Масса таким образом переработанных тюркских слов позволила русичам определить морфологическую схему «существительное + ч(щ) = существующий», по которой создавались термины от своих основ типа: труба – трубач – трубачи; товар – товарищ – товарищи.
( Обо всем этом учебники молчали. Людям моего поколения приходилось узнавать историю слов и своих народов самим, не читая готовое, но отдавая годы и годы анализу отрывочных сведений, чтобы, соединив фрагменты рассыпанной по всей земле мозаики, воссоздать хотя бы в своем воображении картину античности, в уголке которой нашлось бы место и твоему роду-племени. Как геолог я уже понимал в общих чертах историю земной коры – происхождение коренных и органических пород. Представлял генезис угля, золота и нефти, гранитов, известняка и глины. Об истории народов, населяющих дневную поверхность, тоже имел кое-какое понятие. Период княжеско-царского прошлого Руси-России узнал довольно хорошо ещё в школе. Европа, Северная Америка, Китай, Индия, Аравия, Османская Империя – в пределах положенного среднеобразованному человеку.

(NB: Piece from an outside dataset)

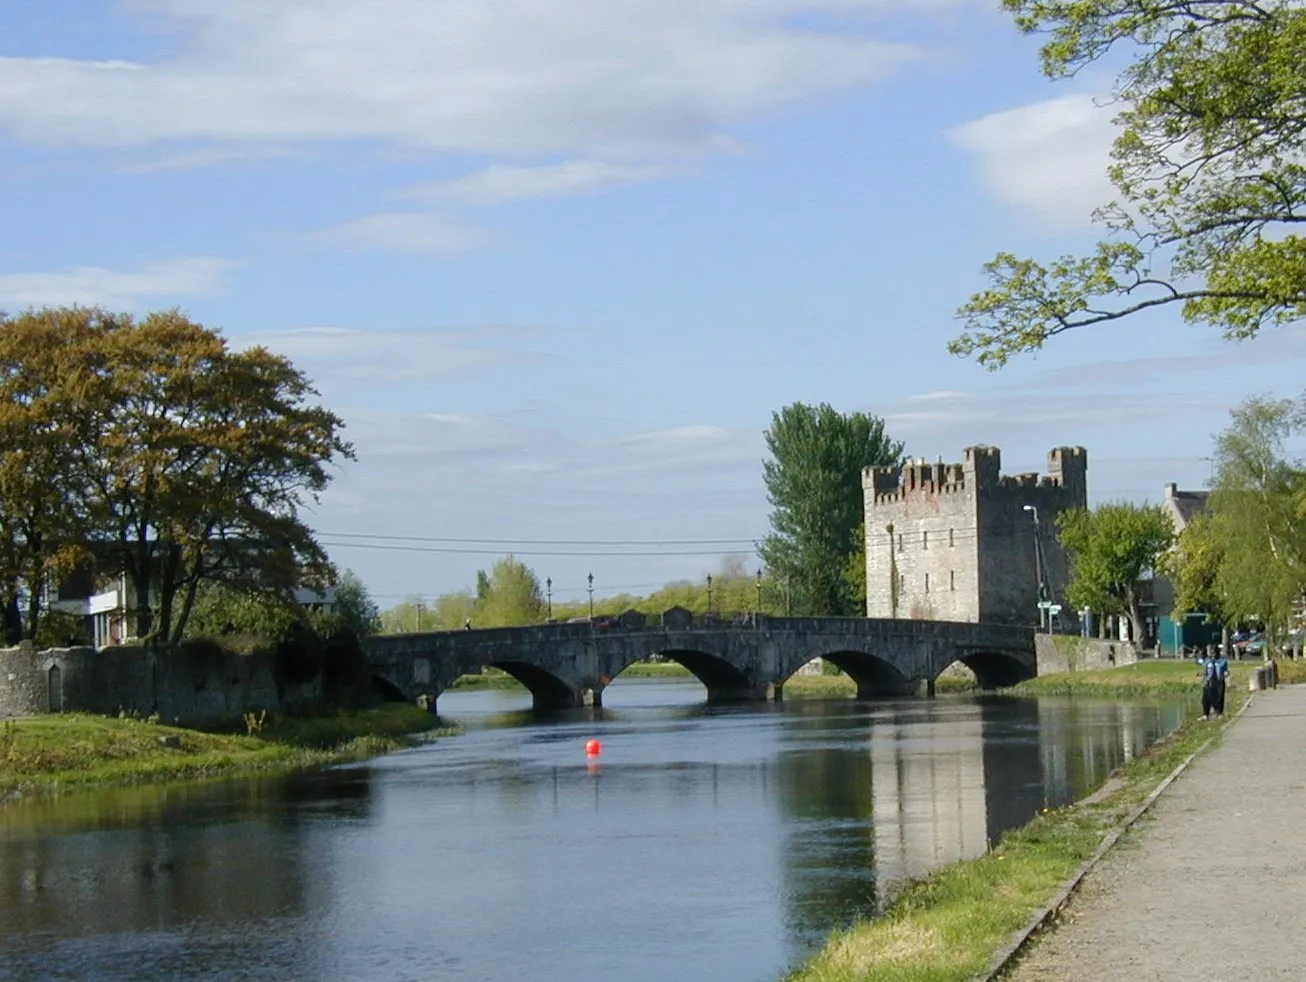 Photo showing: Crom Abu Bridge and White's Castle, a tower house built in 1417 by the Gerald FitzGerald, 8th Earl of Kildare

О казахах мне было известно только то, что до революции 17-го года мы находились под двойным гнётом – царизма и местных феодалов. Большего по программе обучения не полагалось. Да и знать особенно не хотелось. )
Профессор Сидельников, задавая мне эту курсовую, едва ли предполагал, что Слово о походе средневекового князя Игоря на половцев, кочевавших у Дона, неожиданно станет импульсом, остро стимулировавшим мой зачаточный интерес к истории казахов прежде всего. Узнав, что наречие моих предков входит в семью тюркских языков, некогда взошедших от одного корня, я впервые ощутил особое чувство кровного братства. Атавизм, да, но как он прибавляет человека в младости.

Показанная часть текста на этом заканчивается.